This article is over 11 years, 1 months old
Demonstrators in Senegal in West Africa have forced the president to retreat from a planned constitutional change that would have allowed him to have stayed in office for another term.
Issue 2259

Demonstrators in Senegal in West Africa have forced the president to retreat from a planned constitutional change that would have allowed him to have stayed in office for another term.

Demonstrations of a few thousand in March grew to mass protests by the end of last month.

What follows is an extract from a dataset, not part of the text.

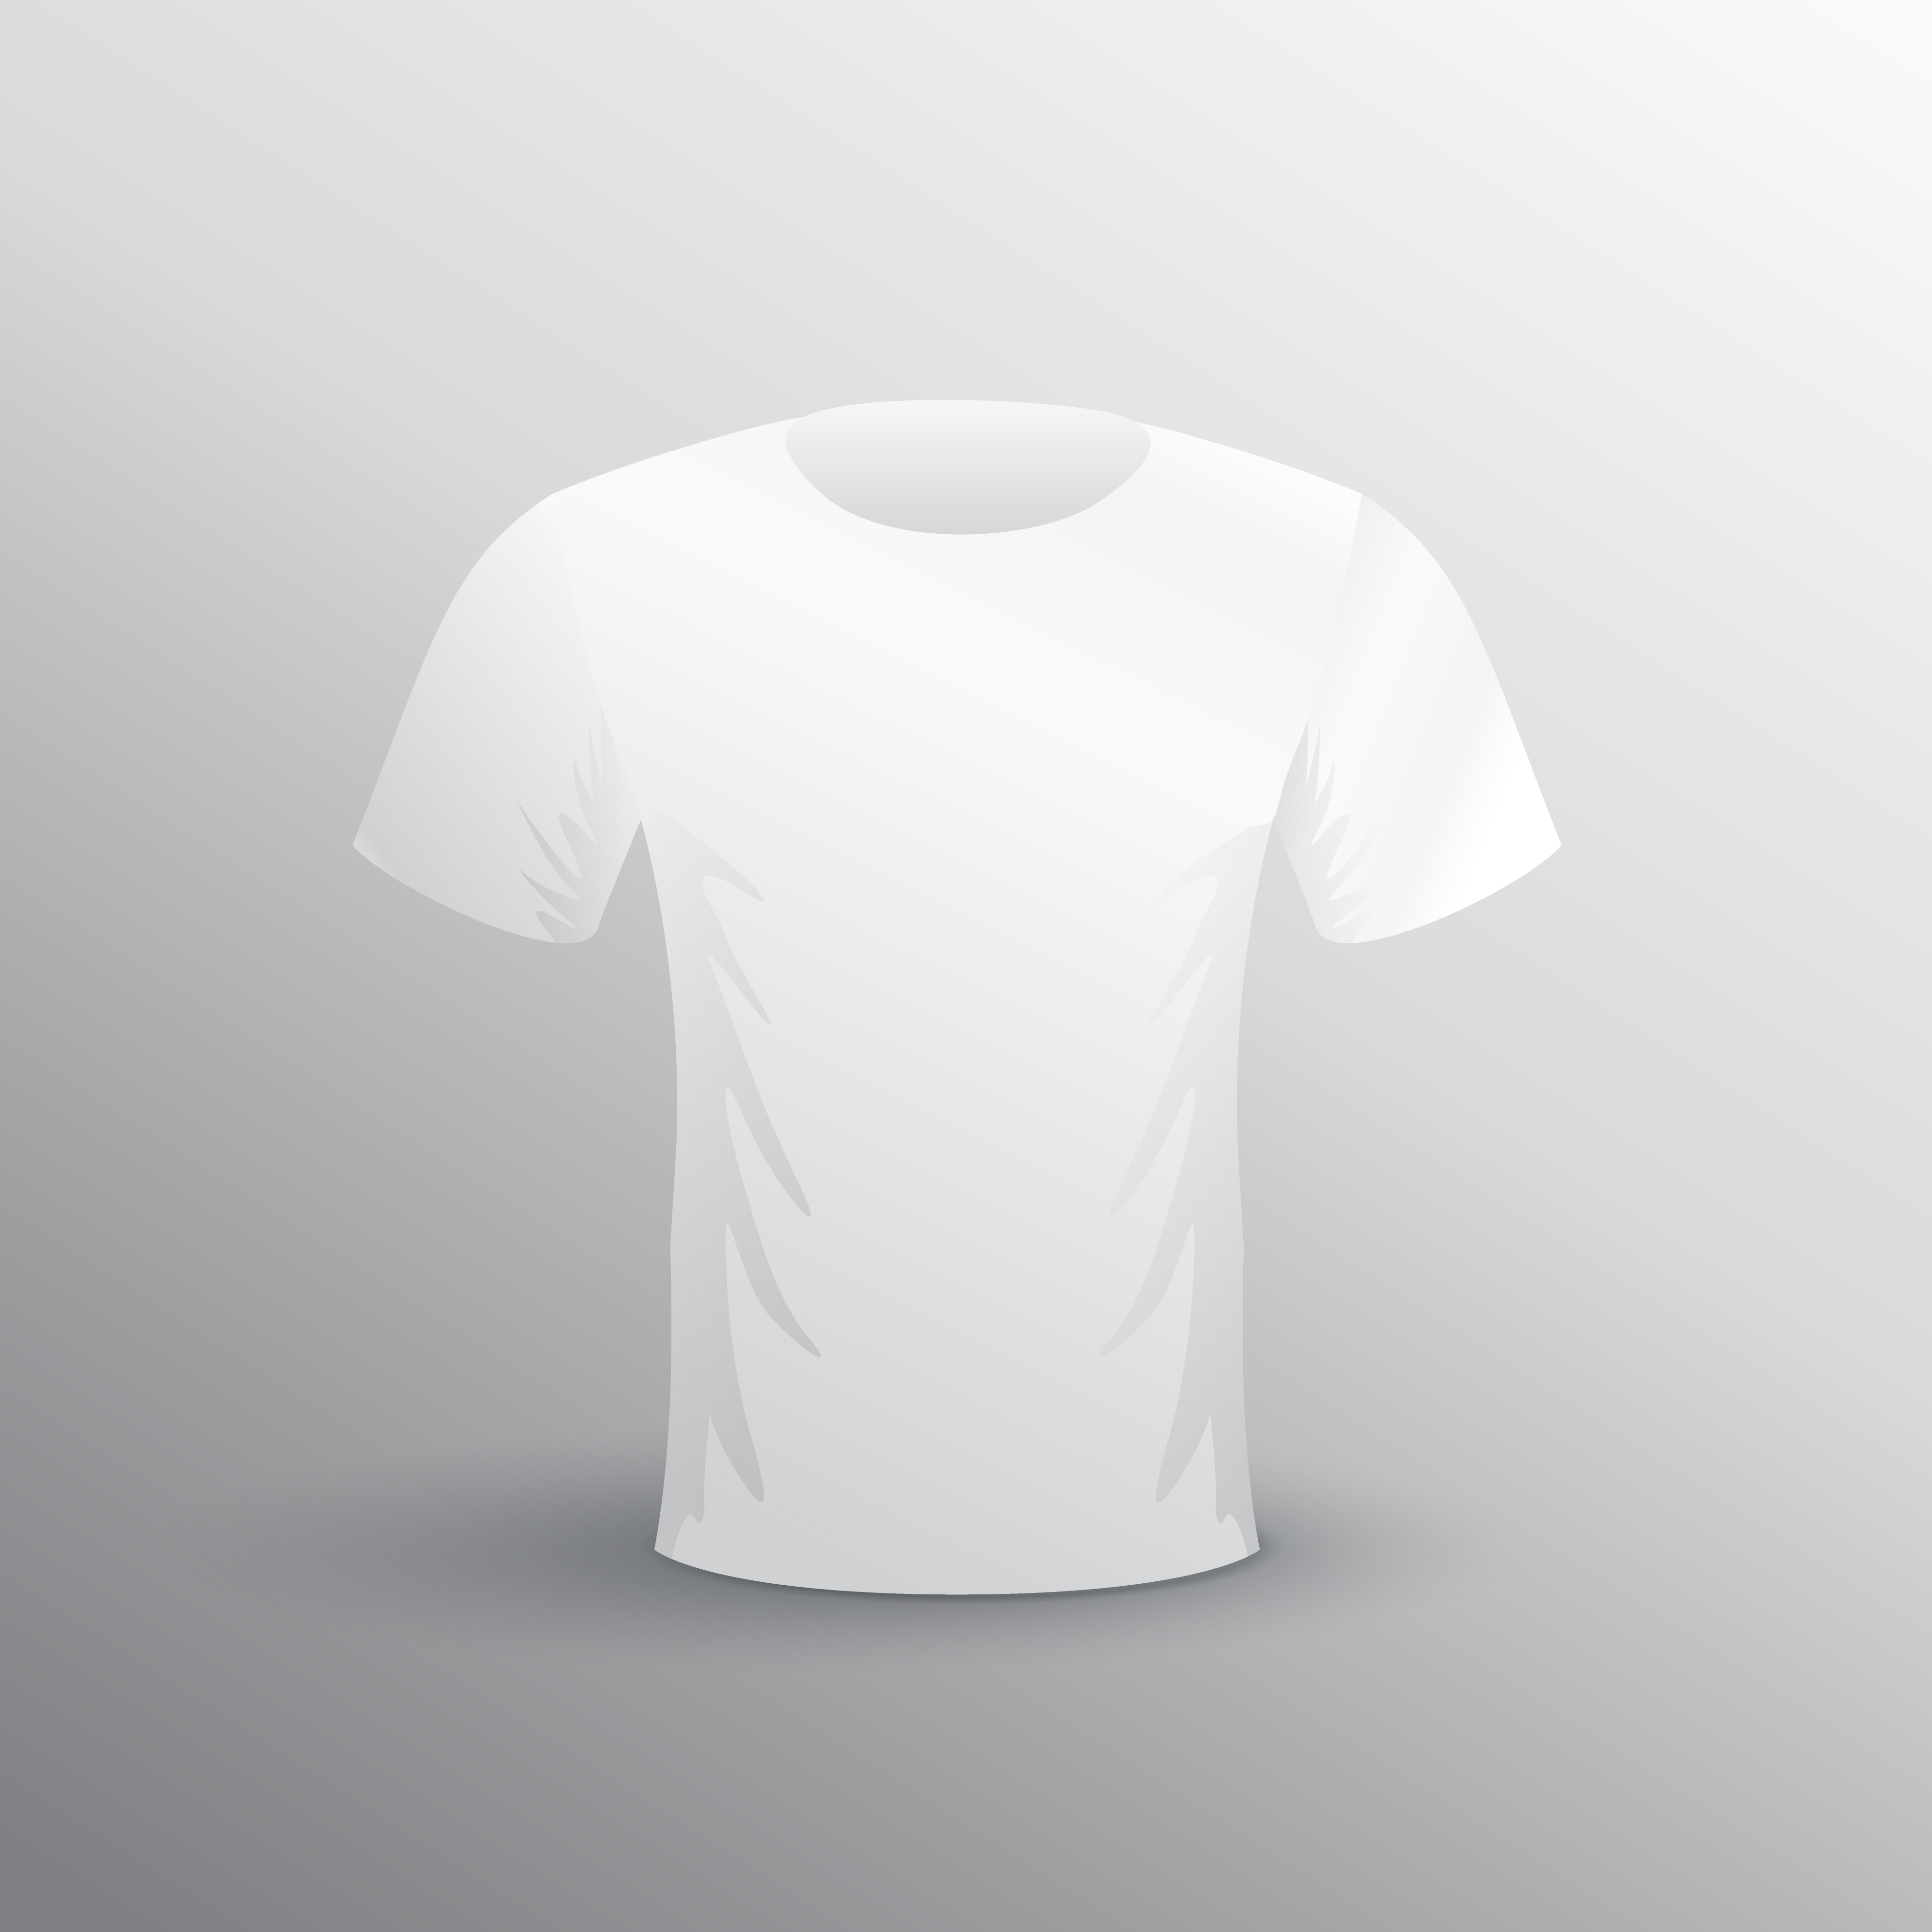 Mockup T Shirt Free Vector Art (2491 Free Downloads)

Protesters fought armed police with stones, screaming at the top of their lungs, “We have had enough!”

In Burkina Faso, West Africa, students protested in February after police beat a student to death.

By May demonstrations shook the government—including riots by members of the presidential guard who had not been paid for months.

Food riots in Uganda have grown into wider anti‑government protests.

In the absolute monarchy of Swaziland in southern Africa, thousands demonstrated for democracy through April, led by trade unionists and students.

And while the mass public sector strike in Botswana remains suspended, the government has been thrown into disarray.

Meanwhile some 200,000 South African workers downed tools on Monday of this week.

Over 120,000 metal workers have started an indefinite strike.

The union’s main demands include a 13 percent wage increase and a 20 percent increase in night-shift allowance for all workers.

Some 70,000 workers at oil depots and fuel refineries are also joining the action.

They are demanding a pay increase of 11 to 13 percent and a minimum wage of £185 a month.